Pleasant Pistoia is a town of many surprises.
The first being that one can’t find a better place to appreciate both sides of Tuscany, the old and the new, together. The historical environment of this town is peripheral to the core element for the citizens living there. This is no Disneyland version of Italianity and the Pistoiesi don’t wait for their own version of Palio, the Bear Joust, to finally come alive: there is a Blues festival of international repute happening every summer, and a basketball team in the main league. As well the area is a major European supplier of ornamental plants for outdoor use.

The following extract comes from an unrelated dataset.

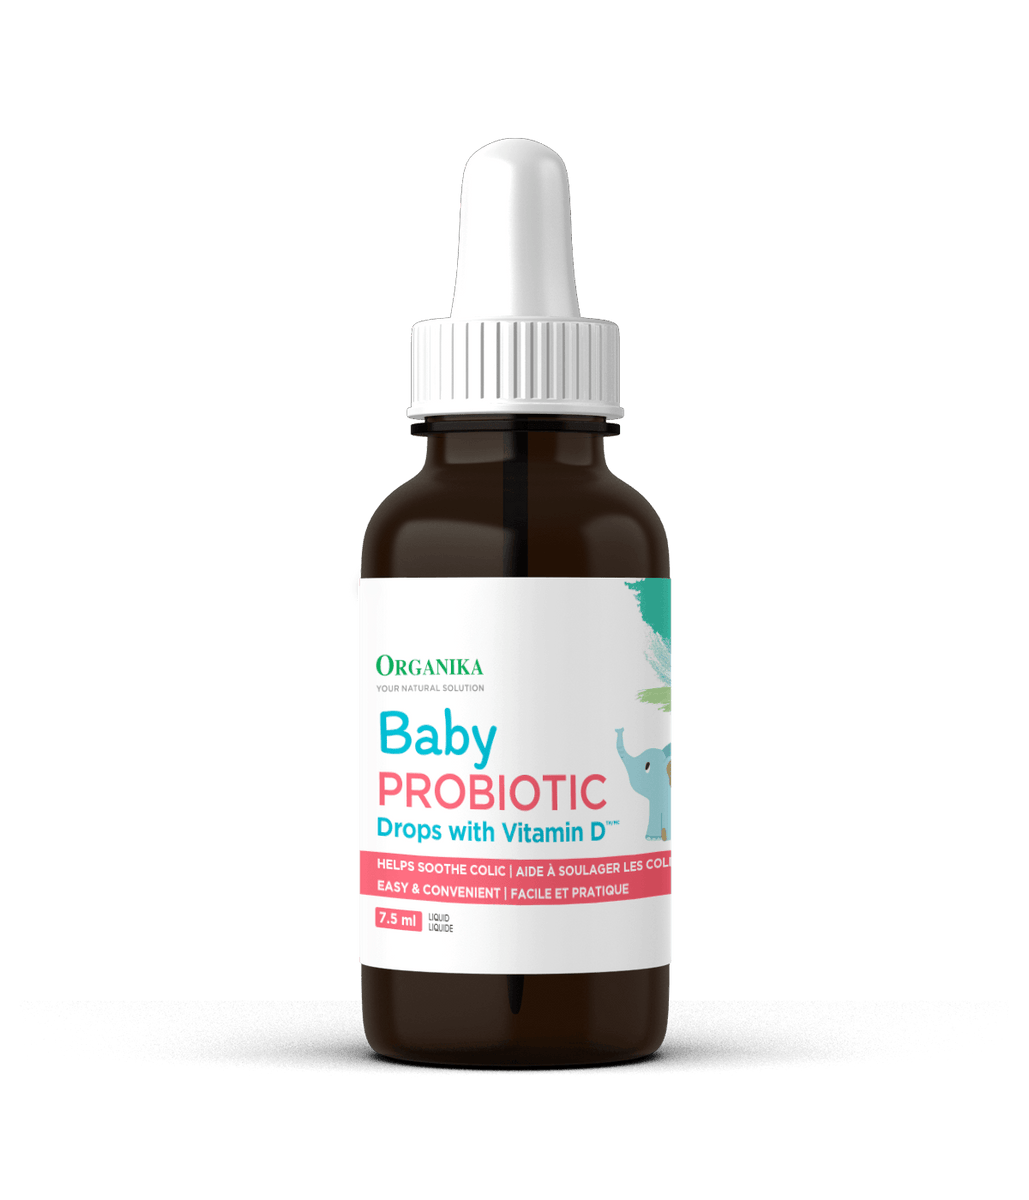 Baby Probiotic Drops with Vitamin D

Yes, they still purchase veggies and fruits in the old mediaeval square of La Sala surrounded by architectural beauty – those with a successful, travel oriented account on Instagram, buy a ticket now - but this is not San Gimignano, a place for the dead from Fall to Easter: the ‘Pistoiese Movida’ boosts an impressive number of pizzeria, wine bars, restaurants and bars all buzzed up for the aperitivo, the Italian take on tapas, from Thursday to Sunday at the very least. To make a very long story short: they don’t live waiting for the tourist, they are instead an epicurean and sophisticated population with a healthy snobbery to themselves - well deserved If I may say, bringing antiquity and modernity to a satisfying synthesis. Now, move a little bit away from the main square and walk towards the Hospital of Ceppo, with its 16th-century polychrome terracotta frieze by Giovanni della Robbia. When you get there, walk a little further to Via Ceppo, enter Caffè La Corte then meet and greet, if they feel like, with Dj Coxca and Monica Mottola, who run this vibrant space together with her sister, Elena. There is a bar, of course, a restaurant - with a pizzeria, naturally, and a courtyard with an arch featuring some more tables, sun umbrellas and great atmosphere.
You might stumble on a poetry reading there, or some spontaneous act of music. The food is Tuscan authentic, which translates to great ingredients that taste delicious, including baked oven pizza in the evening. The vegetables come from some garden nearby. But this is not about the food. It is about travelling without moving one foot.
This is a place for the bohemians in search of a literary Cafè to squat in, this is the recovery-zone for exhausted bricklayers, and the cove for the cultured and shy. This is a magical place where introverted Tuscans are as at ease as calm Swedish and enthusiastic Americans, the real deal when you want to observe Italians from a short distance and a source of silence few steps from the square.
Come and read your book in silent company. Enjoy Dj Coxca’s out-of-the-ordinary playlists in ecstatic admiration of such a baggage of musical culture. Let Monica observe you with her naturally suspicious attitude and then (eventually) open up with such a smile that shows you way more than table service: it is called humanity. It's real and it can’t be faked – if she doesn’t like you, she doesn’t like you.
Come and travel the world in few square meters, walk a path of intimacy in which diversity is grown with love, cross referenced with some outstanding human beings without having to do pay for a counselor or a concert ticket.
Travel to humans, for the cost of a glass of nice house wine. Never feel alone.